Abstract P174: Loss of Bmal1 in the Collecting Duct Lowers Blood Pressure in Male, but Not Female, Mice

Abstract

Kidney function follows a 24-hour rhythm that is subject to regulation by so-called circadian clock genes. Previous studies suggested a potential role of circadian gene Bmal1 in regulating renal excretory function and blood pressure, yet the mechanism is not completely clear. Our lab showed that high salt diet induces a phase shift in Bmal1 expression in the renal inner medulla that is dependent on endothelin B receptor (ET B ) function. In addition, the ET B receptor-mediated natriuretic effect is time-of-day- and sex-dependent. We recently generated a mouse model that lacks Bmal1 expression in principal cells of the renal collecting duct, which has the highest concentration of ET B receptor. The current study was designed to test the hypothesis that Bmal1 in the collecting duct regulates blood pressure in a sex-dependent manner. Male (n=8-9) and female (n=6) collecting duct Bmal1 knockout (CD Bmal1 KO) and floxed control (flox) mice were implanted with telemetry transmitters, and fed normal salt (0.49% NaCl) diet (NS) for 6 days, followed by 6 days of high salt (4% NaCl) diet (HS). After this period, mice were treated with an ET B receptor antagonist (A-192621; 30mg/kg/day) for another 6 days. At the end of the study, we performed cosinor analysis on telemetry data collected throughout the study. Under NS, male CD Bmal1 KO showed significantly lower 24-hr mean arterial pressure (MAP) compared to flox (105±1 vs 112±1 mmHg, p=0.01). However, we did not observe any significant differences in the MAP of female mice (106±1 vs 108±1 mmHg, p=0.26). Under HS, MAP of male CD Bmal1 KO was significantly lower compared to flox (107±1 vs 114±1, p=0.01). No significant differences were observed in female mice (109±1 vs 110±1 mmHg, p=0.63). In male CD Bmal1 KO, the increase in MAP in response to the ET B receptor antagonist was significantly attenuated compared to flox (124±1 vs 130±1 mmHg, p<0.01).

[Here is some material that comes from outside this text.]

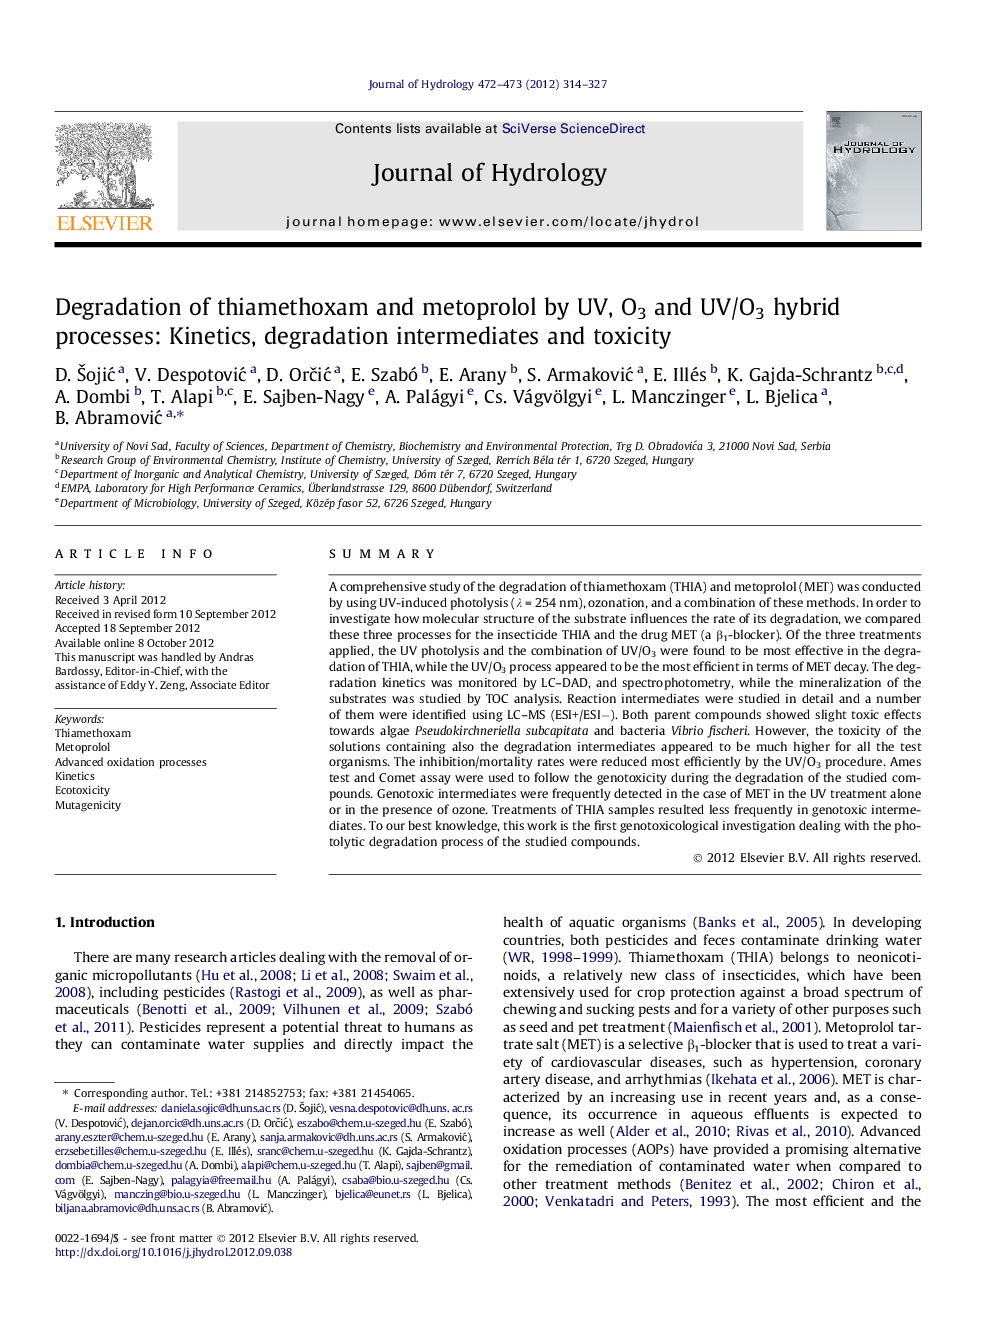 Degradation of thiamethoxam and metoprolol by UV, O3 and UV/O3 hybrid processes: Kinetics, degradation intermediates and toxicity

However, the increase in MAP in female mice was not significantly different between CD Bmal1 KO and flox (130±1 vs 127±2 mmHg, p=0.33) during ET B blockade. There were no differences in the amplitude of diurnal MAP between genotype in either sex on any diet. These data suggest that collecting duct Bmal1 plays an important role in blood pressure regulation in male, but not female, mice.